I would also like a 16th century definition of fowl..

Early journals list many swans on the menu...
The one period account only says four men were sent 'fowling' and the Native guests brought 4 deer...looks like it was venison and assorted flying critters! :wink: Depending on the fowlers, it may have been seagulls! :rotf:
 
Colorado Clyde said:
Putintinism was full of life and joy.

What?! :shocked2:


It was not the dark doom and gloom so often pictured. They had tight laws, what looks in retrospect to be restrictive made a great deal of economic and social sense.
At that time all people in the world believed in witch’s and the devil as a personal and community threat. Riding the community of a witch or of a rabid dog made equal sense.
They didn’t want to practice paganism masked as Christianity, so they outlawed pagan based holidays and trappings, but that does not mean they were dower.
They fled the Netherlands because they didn’t want their children to become Dutch, they fled England to build a city on the hill. They did not flee life. We can well compare them to modern Amish or Mennonites, they find joy in life because they feel it is the duty of Christians to find joy as much as hard work.
 
Prior to the Columbian exchange there were no turkeys in Europe....So Europeans new not what a turkey was or tasted like....

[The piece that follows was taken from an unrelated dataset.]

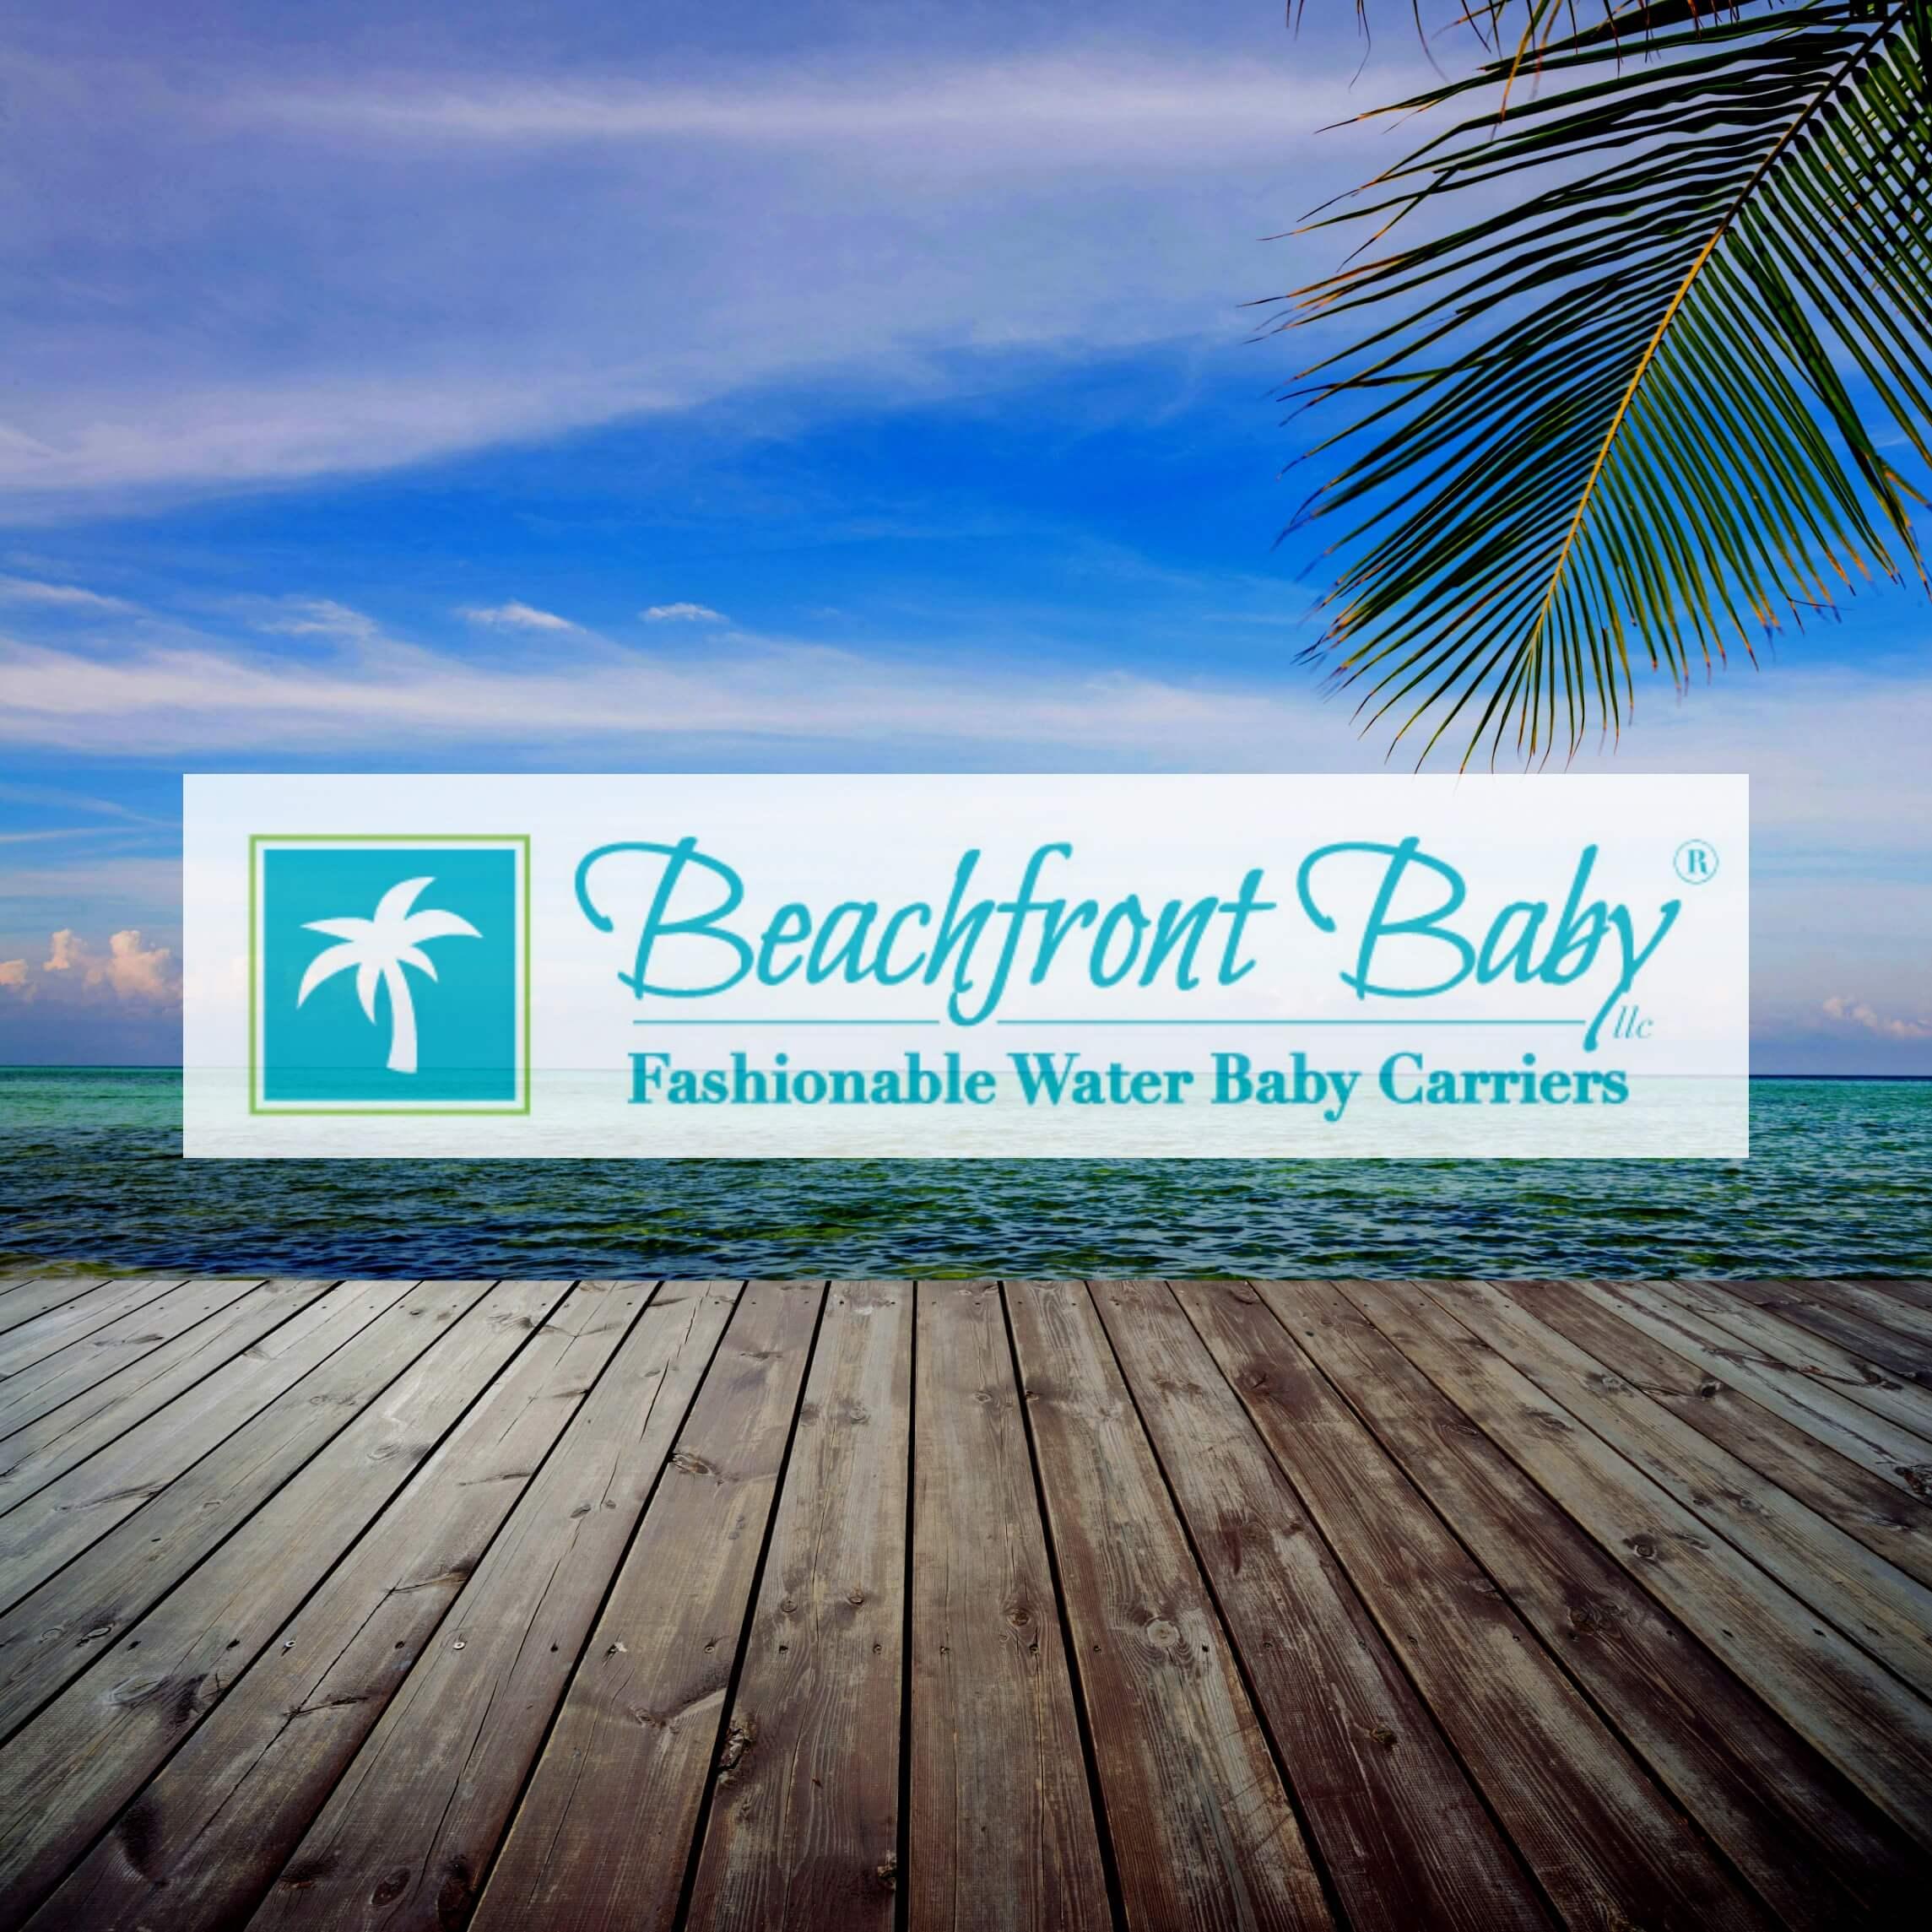 Slings Beachfront Baby Versatile Baby Carriers

They did have, and did eat Swans....They were the most prized fowl in the European food markets.

Imagine the excitement when early colonists came to America and saw Swans everywhere..... :hmm:
 
Prior to 1492 & likely for THOUSANDS years before that. - There are turkey bones in archeological digs of Pre-Columbian NA sites in the SW.
(Btw, Rio Grande Turkeys are NATIVE to Texas, according to the game biologists of TP&WD.)

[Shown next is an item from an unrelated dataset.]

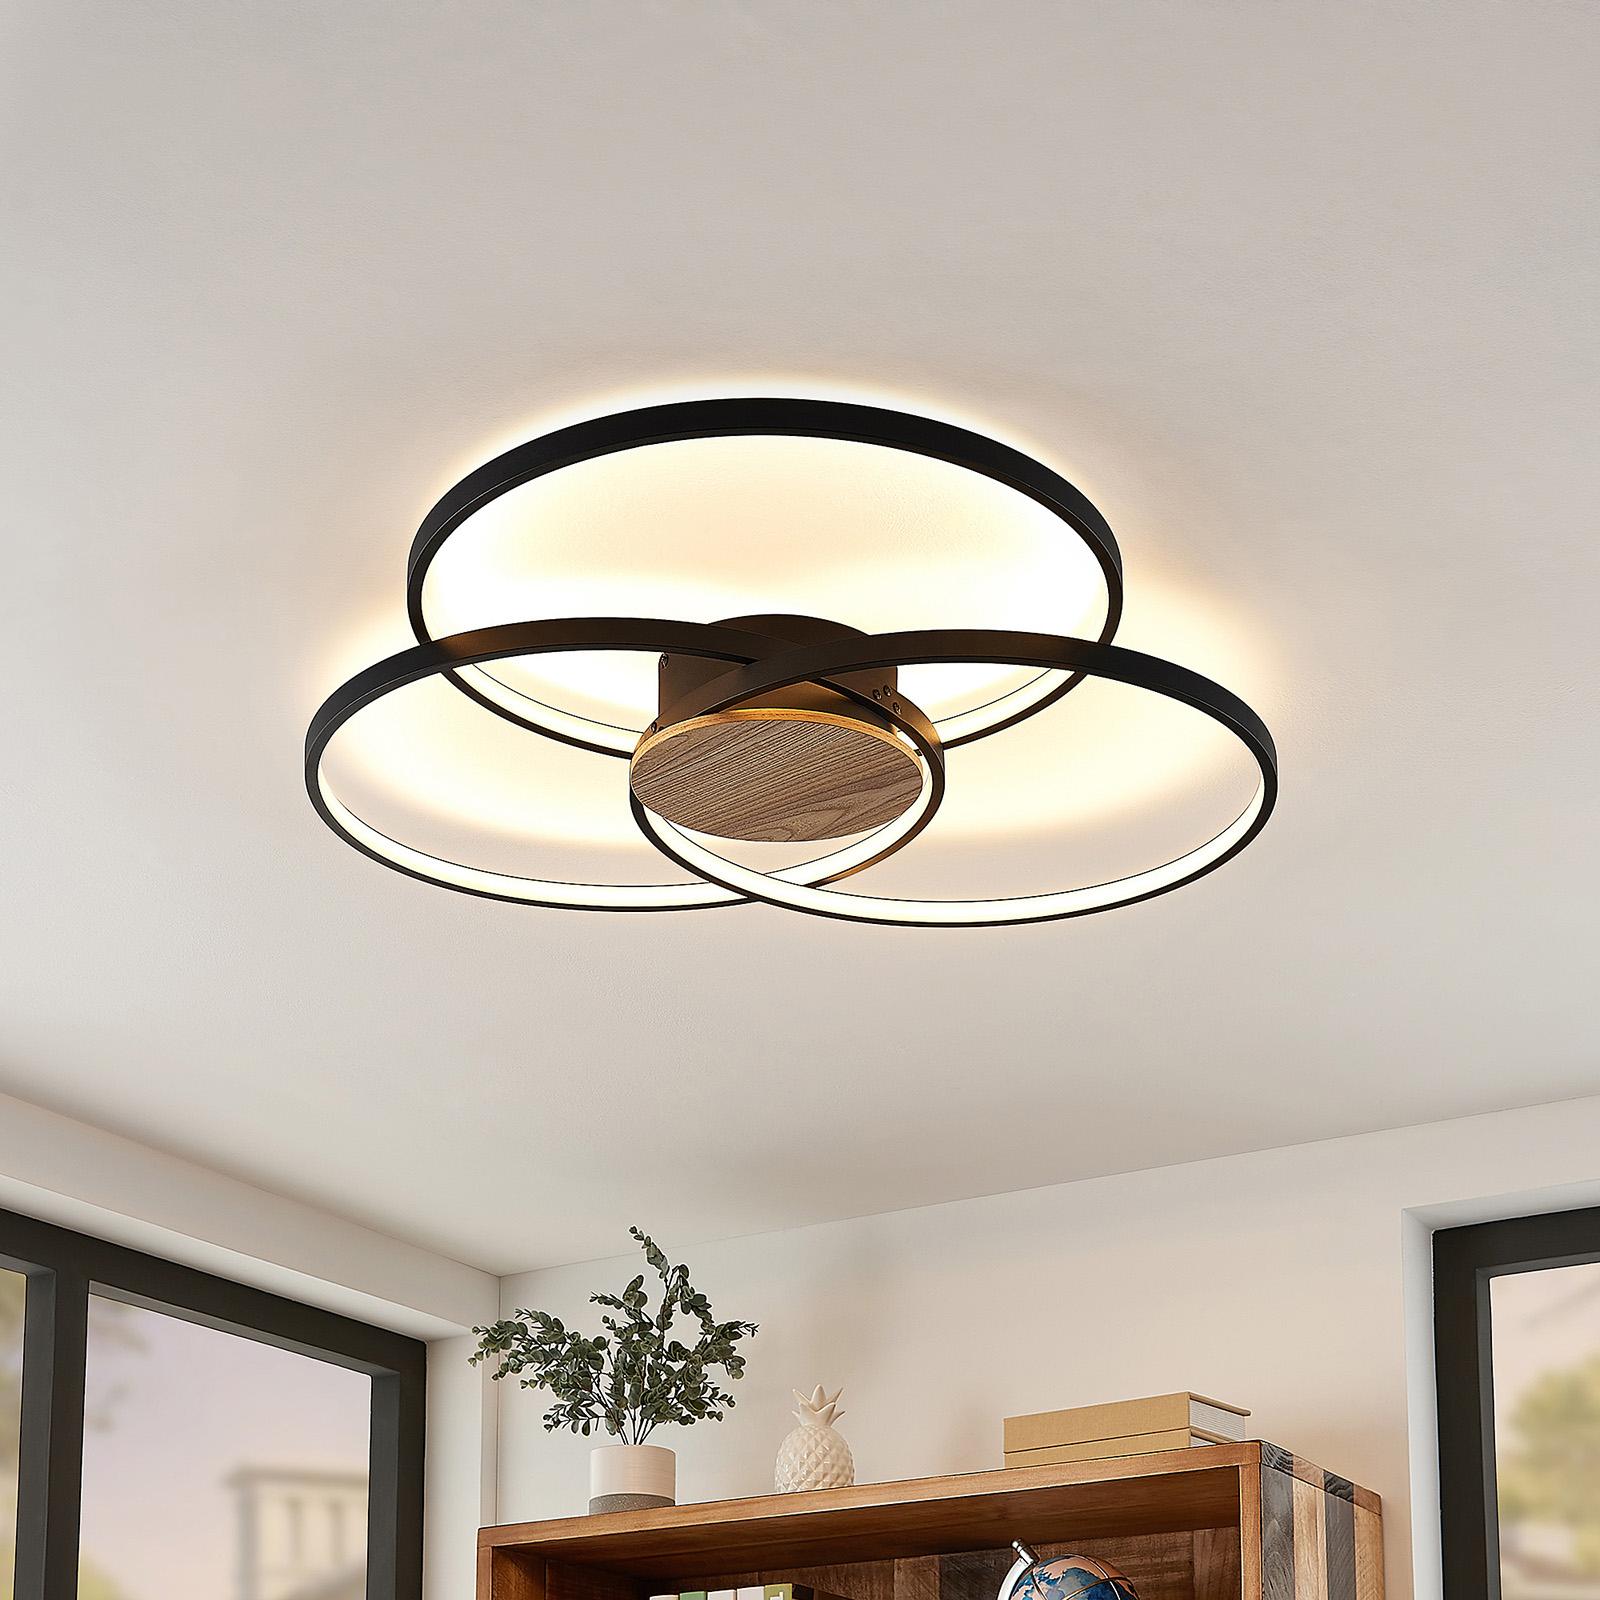 Lindby Riley lampa sufitowa LED ściemniana, czarna

Otoh, I have no idea when domesticated turkeys were introduced to Europe and/or into what is now the USA.

yours, satx
 
Dyslexia, typing on a phone , fat thumbs,and a spell check that can make some weird corrections all conspire against me. Oh well the crosses we must bear :wink:
 
The Puritans were super conservative and were beginning to irritate the less conservative protestants. who began to persecute the conservatives who moved to the Netherlands where there were persecuted some more. so they came over to New England where they were free to persecute the folks who weren't as conservative as they were..

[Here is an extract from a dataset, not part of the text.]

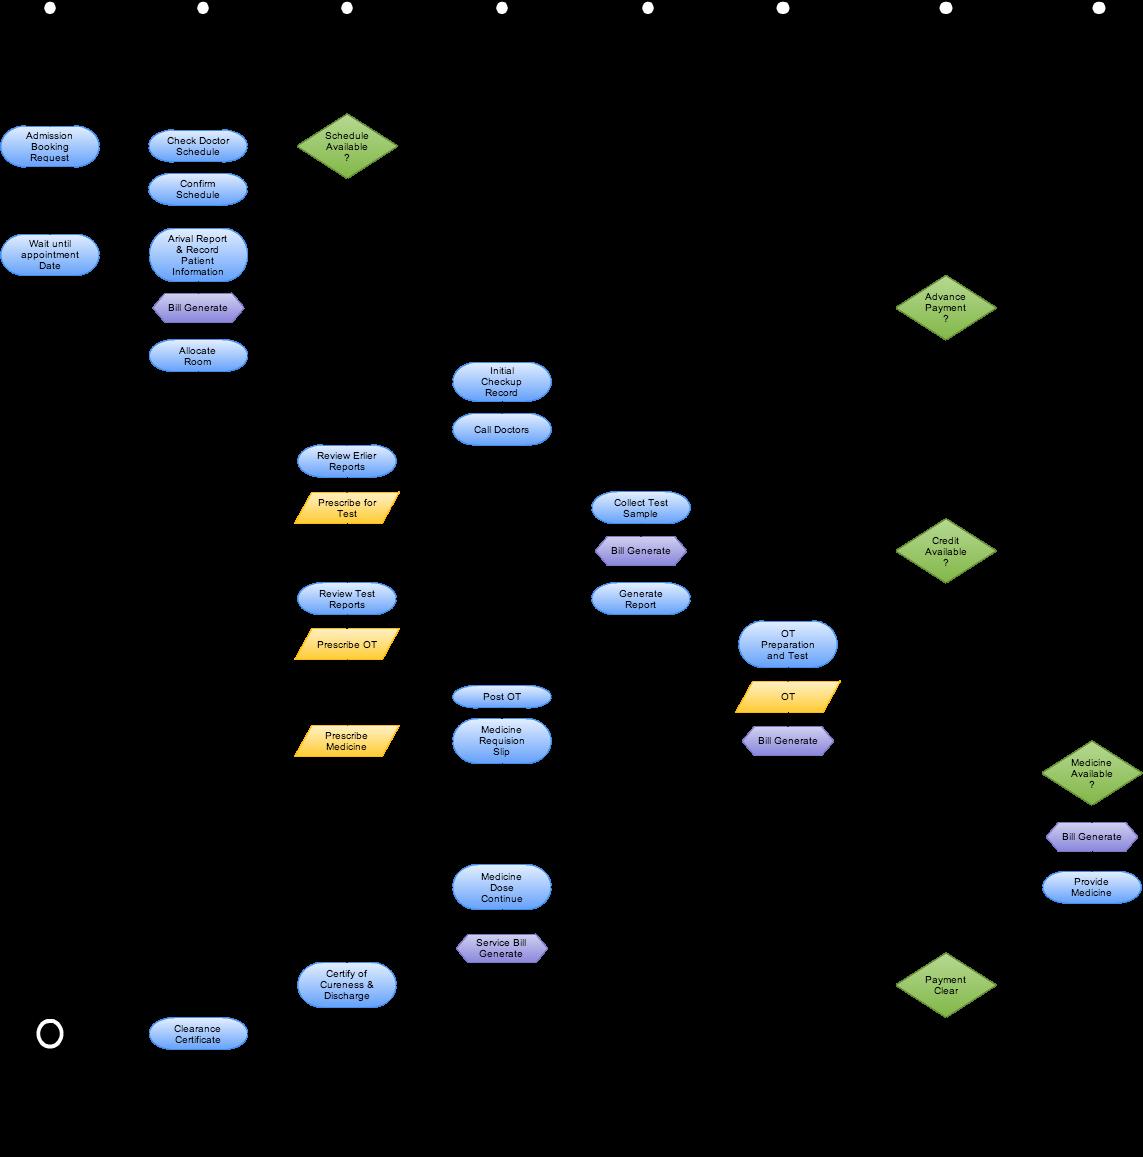 cloud-hospital-erp

Persecuting other folks was all the rage in those days.
Today we have basketball.


Dutch
 
Dutch Schoultz said:
Persecuting other folks was all the rage in those days.
Today we have basketball

Lordy Mercy, Dutch, your eyesight may be failing but your wit is as sharp as ever and is priceless.
 
Dutch Schoultz said:
Persecuting other folks was all the rage in those days.
Today we have basketball

Lordy Mercy, Dutch, your eyesight may be failing but your wit is as sharp as ever and is priceless.
:rotf:
 
Dutch Schoultz said:
Persecuting other folks was all the rage in those days.
Today we have basketball.


Dutch
Not up on current events.... Aye Dutch?

It's still all the rage....Muslim bans, ethnic cleansing, transgender bans, border walls.....The list goes on and on.....
 
Colorado Clyde said:
That meal may well have included turkey,

Can anyone show me a 1621 reference listing "turkeys" on the menu?.....I won't hold my breath....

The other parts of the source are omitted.